January 11, 2013

Cornucopia / Cynthia Dewes

Missing out on the amazing grace of new beginnings

Cynthia DewesDon’t get me started on how ridiculous I believe the phrase “new beginning” is. I think it’s redundant and unnecessary since both those words mean almost the same thing. Beginnings are always new, aren’t they? And newness always implies the start of something, doesn’t it?

Whatever. Still, as much as I dislike the phrase, this is indeed a time of new beginning. The New Year brings both a nostalgic look back, and a resolve to do something different, hopefully better, in the coming year.

This brings me in a convoluted fashion to a book discussion I heard on NPR. It was about a book by a man who had researched the attitudes of families, which included what might be called problem children.

He talked about physically or mentally disabled children. Or those with behavioral issues or even criminal tendencies. He mentioned the difficulty experienced by heterosexual parents of a homosexual child.
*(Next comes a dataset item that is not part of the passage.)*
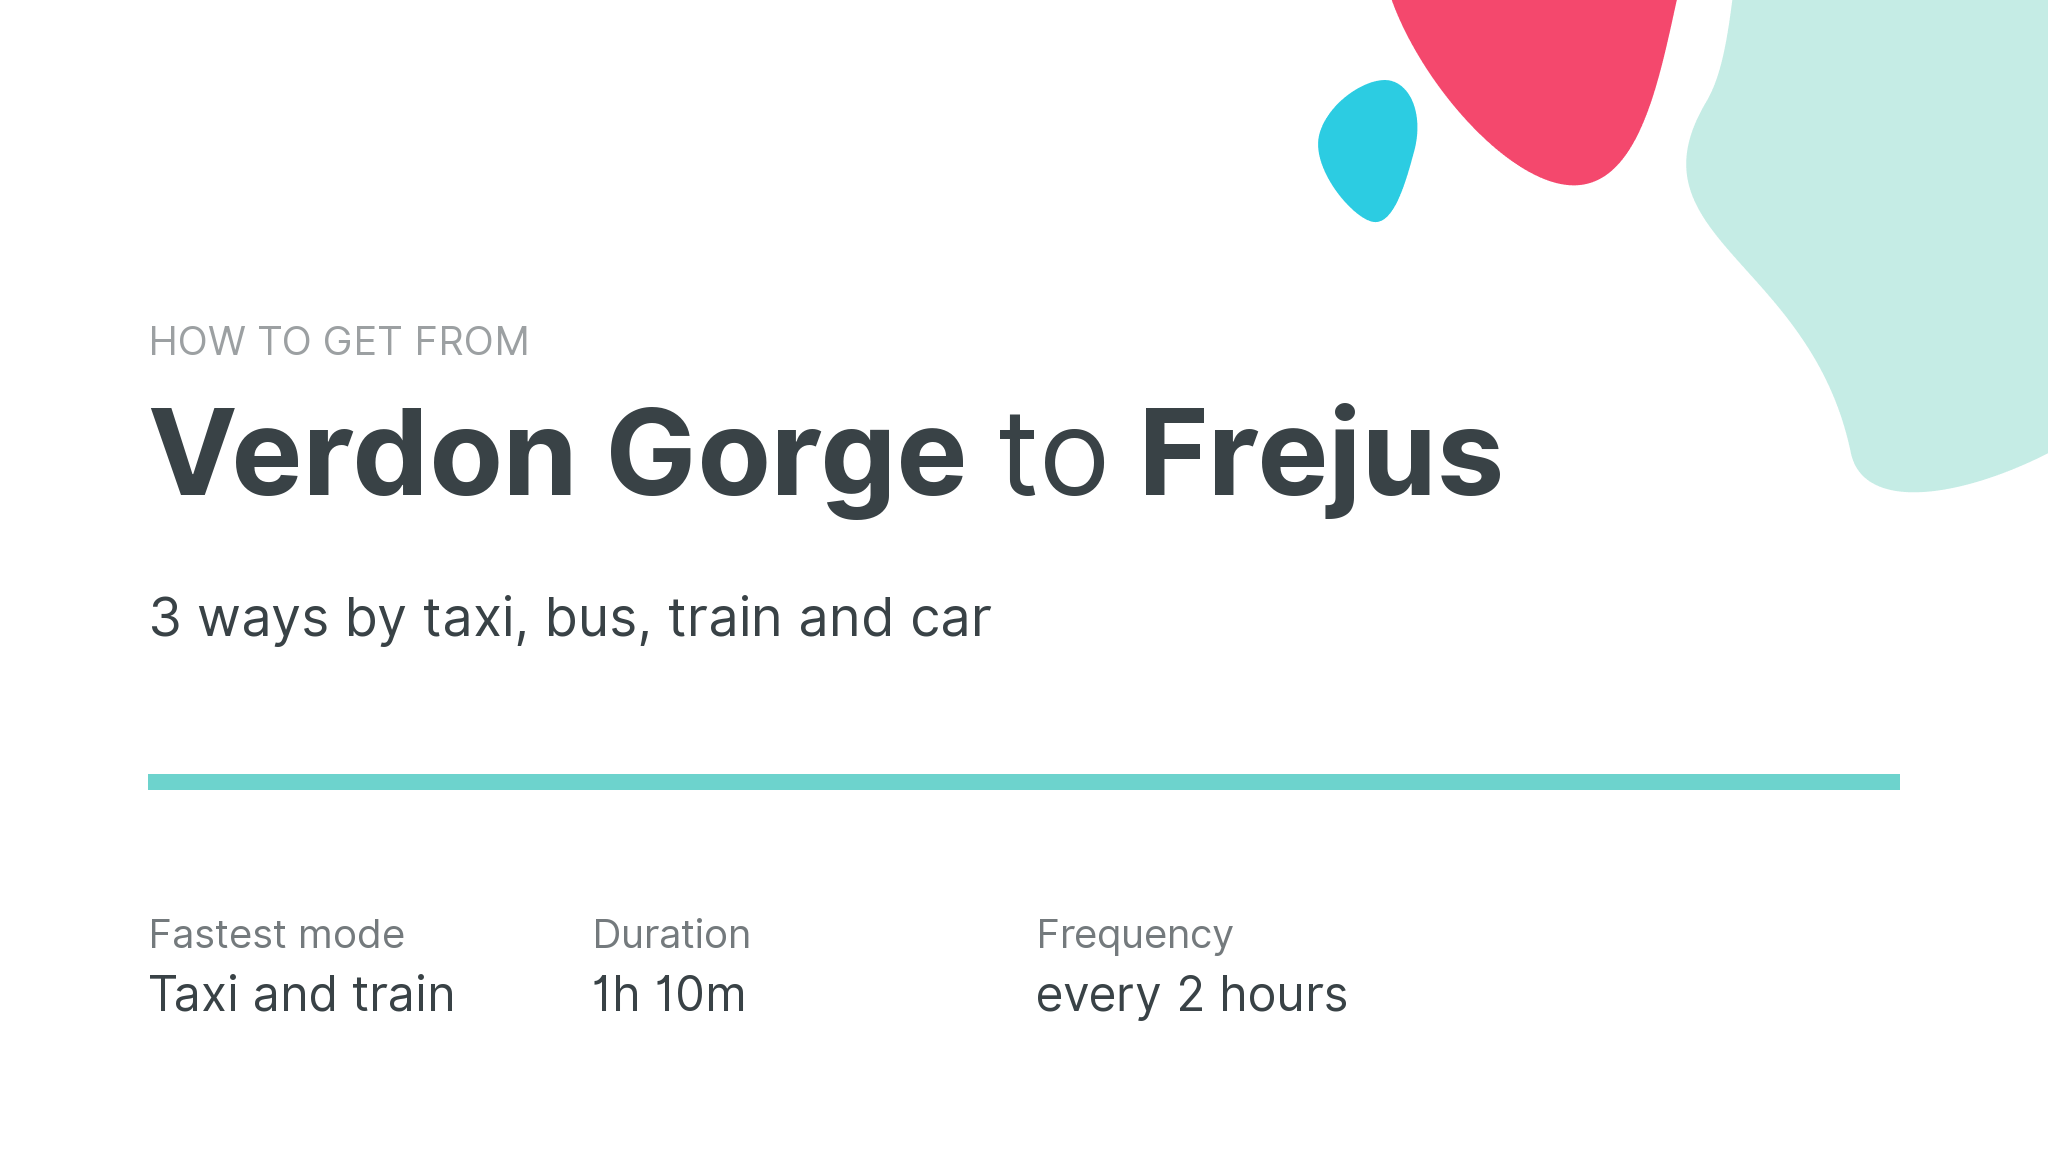 How do I get from Verdon Gorge to Frejus

He studied parents’ feelings about what they gave up or what they gained by having such children.

He asked parents how their lives would have been different if their child had been “normal.” Would they have changed anything if they could? Would they have aborted the child if they knew of the problem before birth? He asked how the children themselves felt about their situation.

It disturbed me that the author appeared to sympathize with women who had aborted in such cases, seeming to condone their actions as an indisputable right. But then, his research went on to deny the validity of that choice, as has my own experience and that of many others I have known.

As he had asked his subjects to do, I reflected on what would have been different if our two sons with disabilities had never been born.

If Andy had never existed, we wouldn’t have needed a baby sitter for an adult child. I could have worked full time. The other kids wouldn’t have been asked to stay home with him now and then or to miss out on things which conflicted with his needs. We wouldn’t have worried about who would care for him when we were gone.

On the other hand, we would have missed the funny things, like his determined mixing up of the price tags under grocery shelves. Or his startling the neighbor lady when this boy she didn’t know dropped in uninvited and sat down with her kids to watch TV. We would never hear about neighbor children protecting him from bullying on the school bus.

If Peter had never been born, we would have missed out on innumerable hospital crises, but also on 28 years of laughing at his Gitarzan rendition, his spontaneous breaking into song or his making his nurses laugh in the somber intensive care unit. We’d miss his conviction that every new day was a potential party.

Indeed, our lives and the lives of many others would have been different if Andy and Peter hadn’t lived. We all made sacrifices but, in the end, we all think they were worth it. And when they had taught us many lessons of unselfishness, hope and courage, God took them home.

How sad that the women who chose to abort such children will miss out on the amazing grace of new beginnings.
 

(Cynthia Dewes, a member of St. Paul the Apostle Parish in Greencastle, is a regular columnist for The Criterion.)